Key Concepts

The Markup Resource is focused on geometric annotations (such as selecting regions where boundary conditions apply and identifying the spatial composition of materials). In particular, it deals with discrete geometric models (as opposed to smooth parametric models like the OpenCascade resource) and annotations made on those models, which tend not to be spatial or geometric in nature except for how they reference other nodes’ geometry.

Node types

The nodes are arranged in an inheritance hierarchy:

Component

is the base node type for all components in the markup resource. Several arc types (such as groups and labels) can apply to any node type, so there are methods here to provide easy access to any groups a component may be a member of or labels which apply to a component.

SpatialData

is a base type for any component that has renderable geometry. The geometry maps from some abstract Domain into world coordinates. These nodes may also be connected to Fields, which define functions over the space occupied by the node.

UnstructuredData

represents components that have irregularly-connected cell primitives defined by “corner” points.

ImageData

represents components that have a regular lattice of cell primitives (called voxels).

AnalyticShape

is a base class for components whose domain is an analytic function rather than a cell complex. Children include boxes, cones, planes, and generalized spheres.

Field

instances represent functions defined over SpatialData nodes.

Label

is a base class for information used to mark another node (i.e., to label it). The base class makes no assumption about the form of information used to mark up its subject node.

Comment

is a label that holds flat text provided by the user.

URL

is a kind of label that references data on the internet via a uniform resource locator (URL).

OntologyIdentifier

is a label that holds a specific URL labeling its subject components as being “named individuals” in a formal ontology. These labels can be used to perform automated inference of relationships to other nodes via their labels.

Group

is a node with arcs that denote membership. Any component can be placed into as many groups as desired. Groups may contain other groups. Deleting a group requires you to delete all of its members (i.e., the members prevent deletion of the group unless they, too, are deleted). However, ungrouping a group first removes its members before deleting the group.

Ontology

is a node that serves as the parent to a set of ontology identifiers and has a location indicating the source of the ontology identifier URLs.

Arc types

Arcs connect nodes to add contextual information to them

Boundaries to shapes

are arcs from side sets to the shapes on whose boundaries they lie. An example is the surface bounding a tetrahedral mesh.

Fields to shapes

are arcs from functions to the shapes on which those functions are defined (i.e., their domains). An example is a label map defined on an image; an image may have many label maps (and other fields). Many fields are also defined over not just one shape but a collection of them (i.e., a simulation might compute deflection of many tissues, each modeled as its own component.

Groups to members

are arcs from groups to their members. As discussed above, groups may contain other groups. A component can be contained in many groups. Components prevent their groups from being deleted.

Labels to subjects

are arcs from labels to the components they annotate. Since the label class is a base class for other, more specific, forms of information used to annotate components, this type of arc does not indicate the specific nature of the annotation. Other arcs below are used in contexts that require it.

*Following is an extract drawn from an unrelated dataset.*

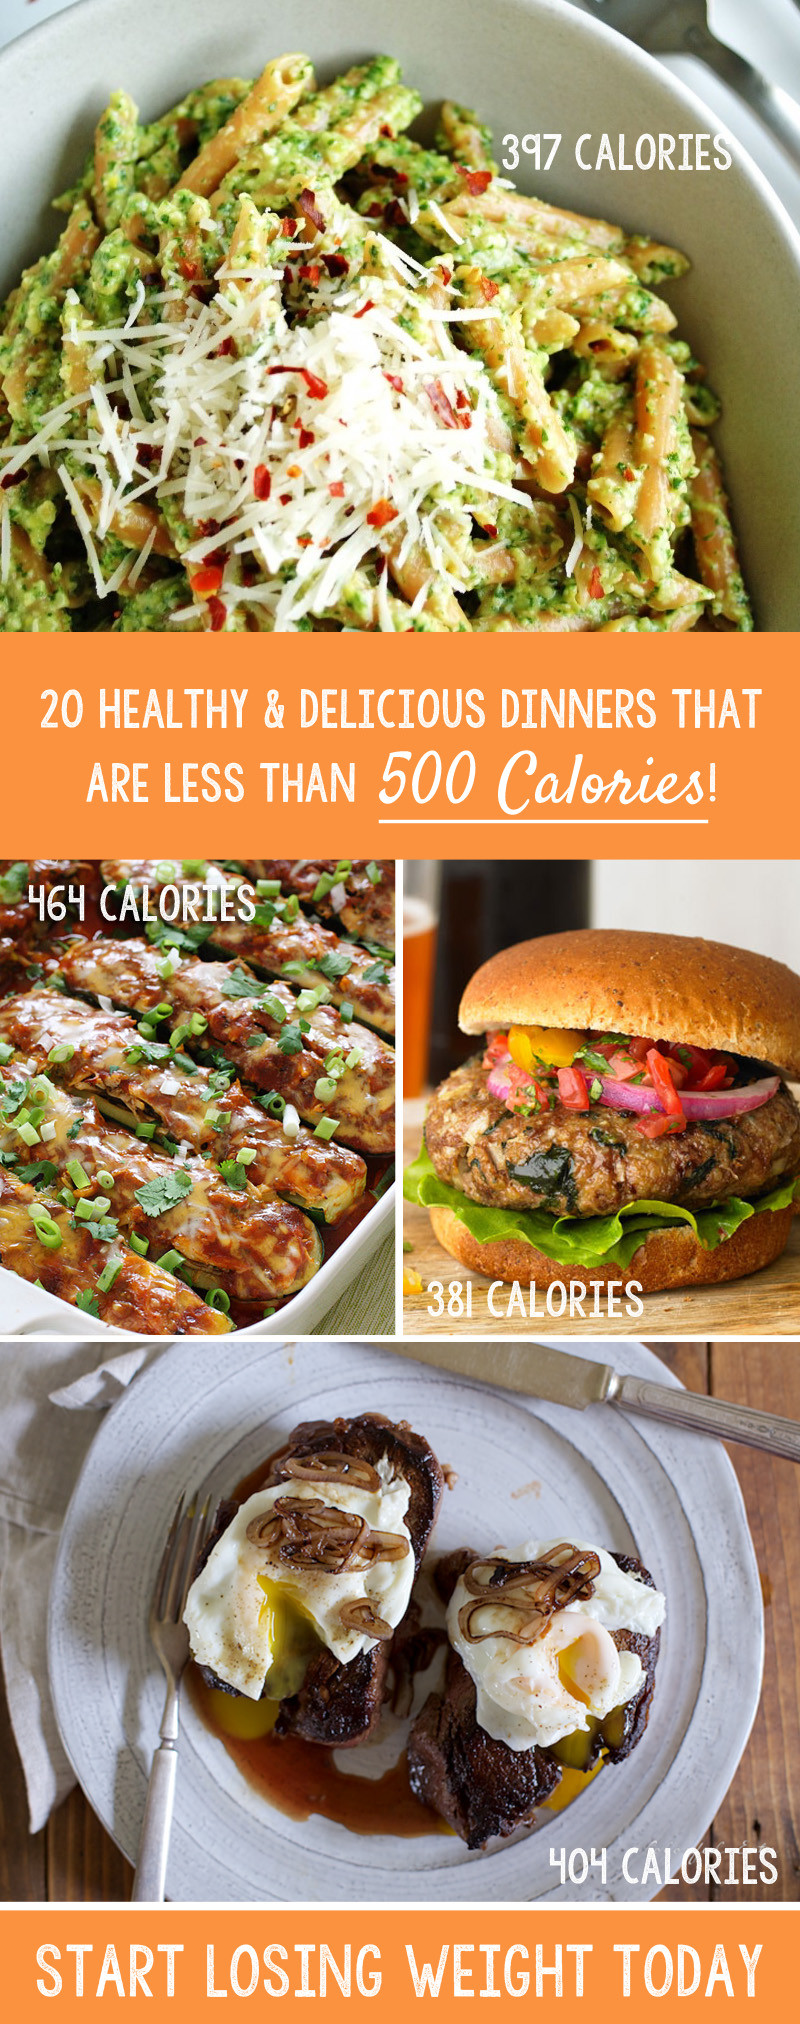 Healthy Low Calorie Dinners
 Low Calorie Specials – 20 Healthy & Delicious Dinners Less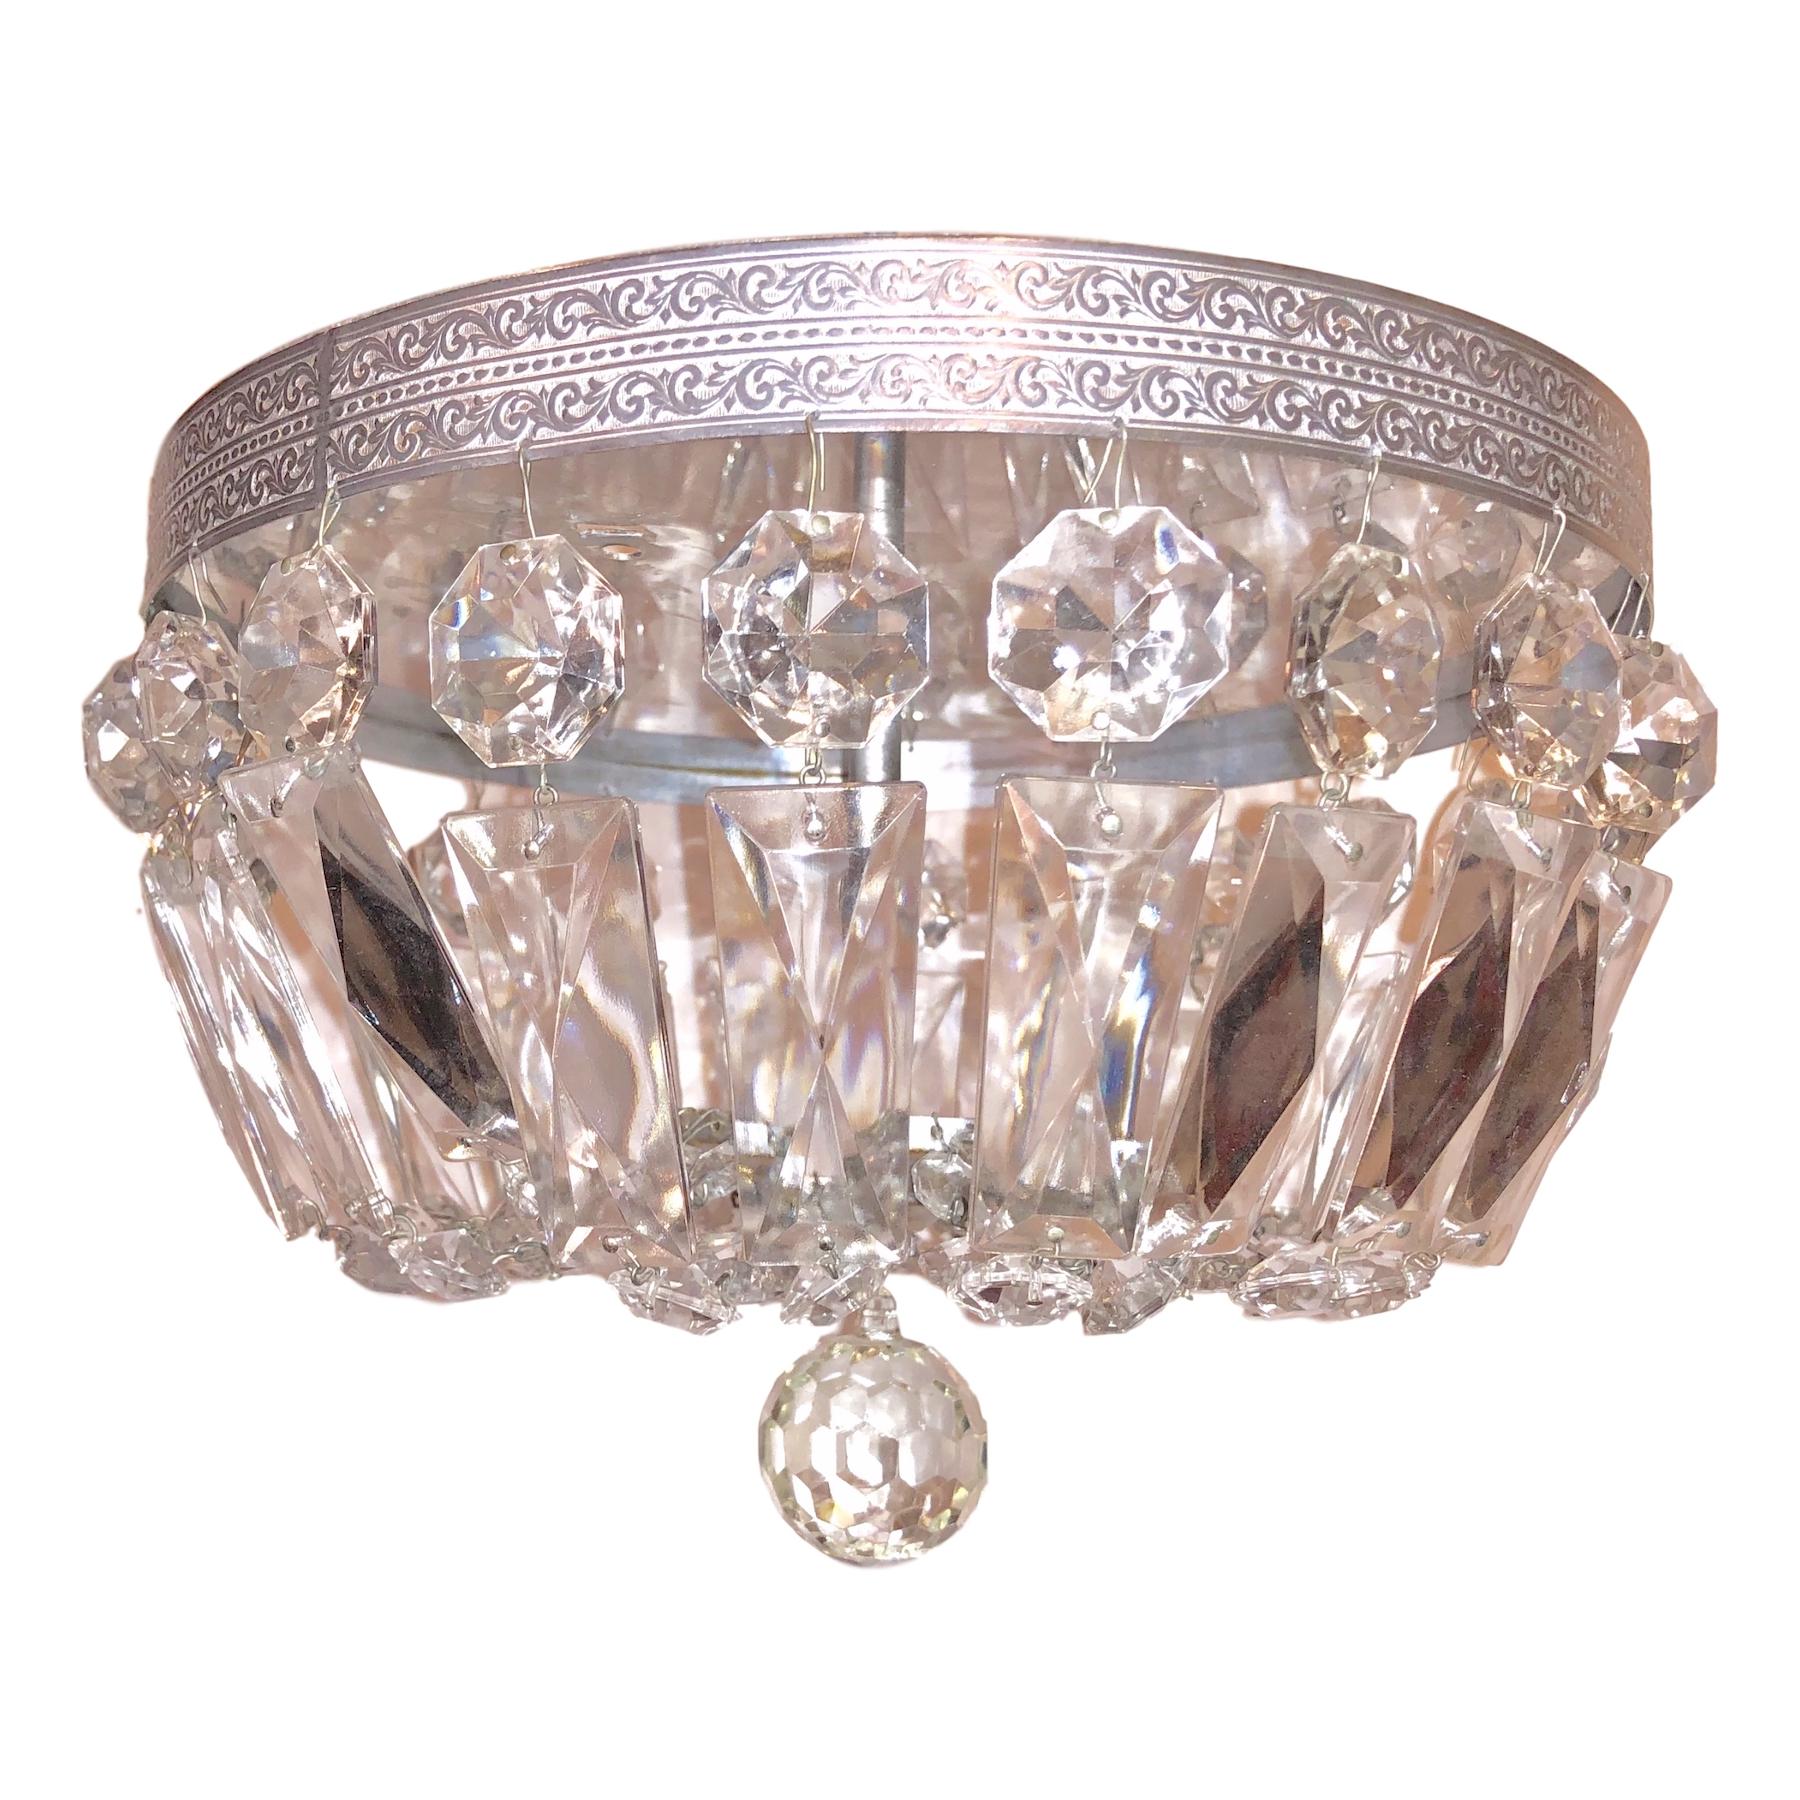 A set of three circa 1950s French crystal flush-mounted silver plated fixtures.

Measurements:
Drop 8

Ontology identifiers to individuals

are arcs that indicate the target node is a “named individual” of the ontology class the identifier represents. Thus, where the “femur bone” ontology identifer is connected to nodes via this arc, those nodes are marked as instances of femur bones.

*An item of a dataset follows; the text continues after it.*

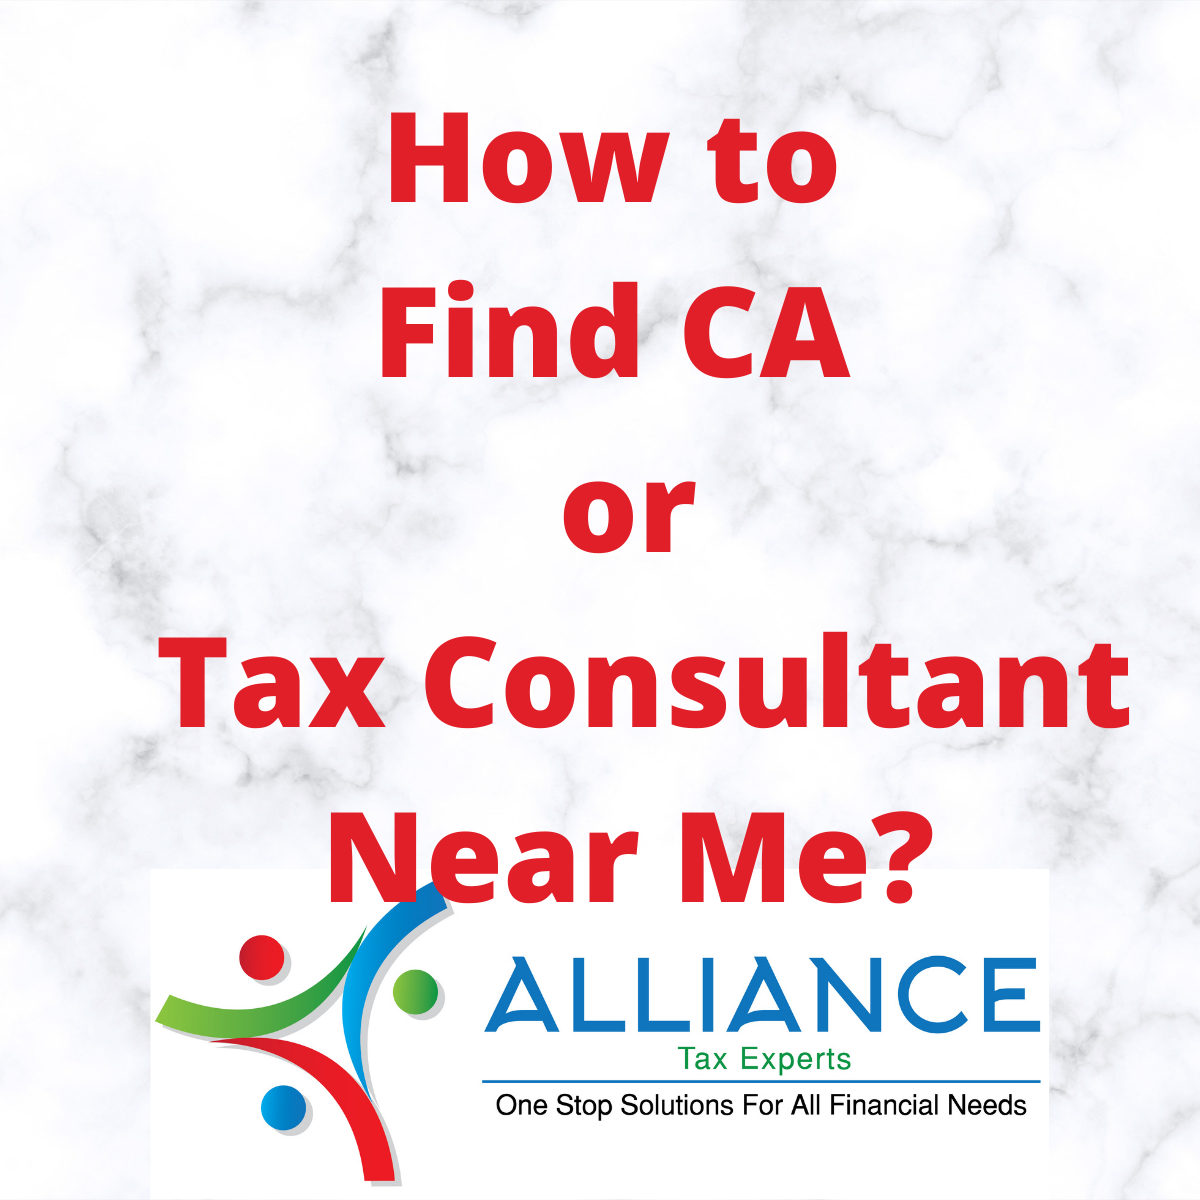 alliance-tax-experts-how-to-find-ca-or-tax-consultant-near-me-for

Ontology identifiers to sub-types

are arcs from ontology identifers to other identifiers representing subclasses of the originating identifier. An example is a femur, which is a hindlimb long bone, which is a leg bone, and so forth. Each of these specializations are a sub-type.

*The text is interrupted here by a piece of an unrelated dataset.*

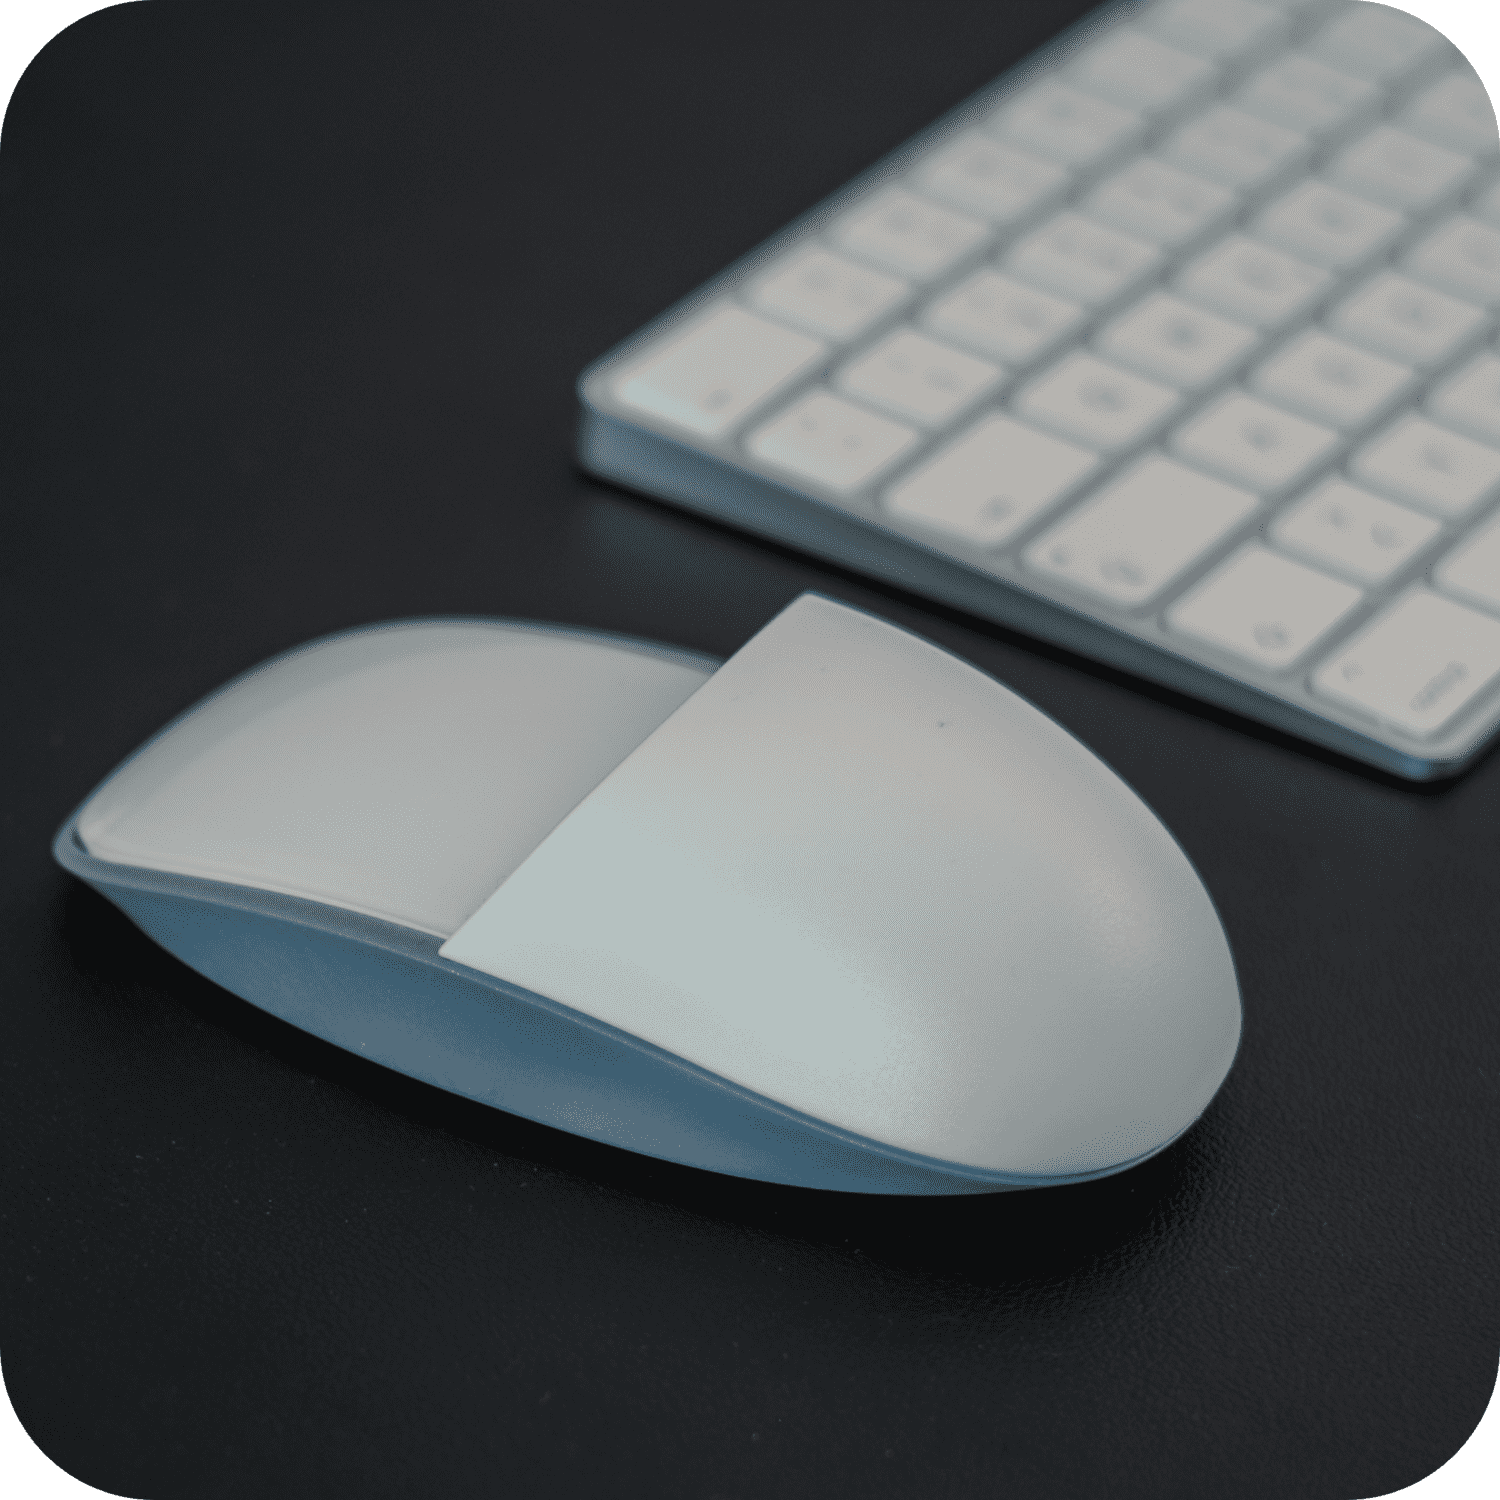 Solumics.Case - The ergonomic upgrade for your iMac Mouse

Ontology to ontology identifiers

are arcs from side sets to the shapes on whose boundaries they lie. An example is the surface bounding a tetrahedral mesh.

References to primaries

are implicit arcs from any reference-based geometry (side sets or subsets) to the nodes which they reference (currently unstructured data or image data). Unlike the similar BoundariesToShapes arc type – which connect the totality of a boundary to the shape it bounds – these arcs include references to small, potentially overlapping, portions of boundaries (e.g., areas on bones serving as ligament insertion points).

URLs to data

are arcs from URLs where data is located to the data as loaded into memory. These URLs are files on disk containing geometric data as read (not imported) along with the nodes that reference them. A single file may contain data for many components; in that case many nodes will connect to a single URL node.

URLs to imported data

are arcs from URLs where data was located at the time it was imported to the data as loaded into memory. This information is not needed to load a markup resource but serve as provenance information marking the source of the data.

Todo

Add a section domain types, especially IdSpace for discrete geometry.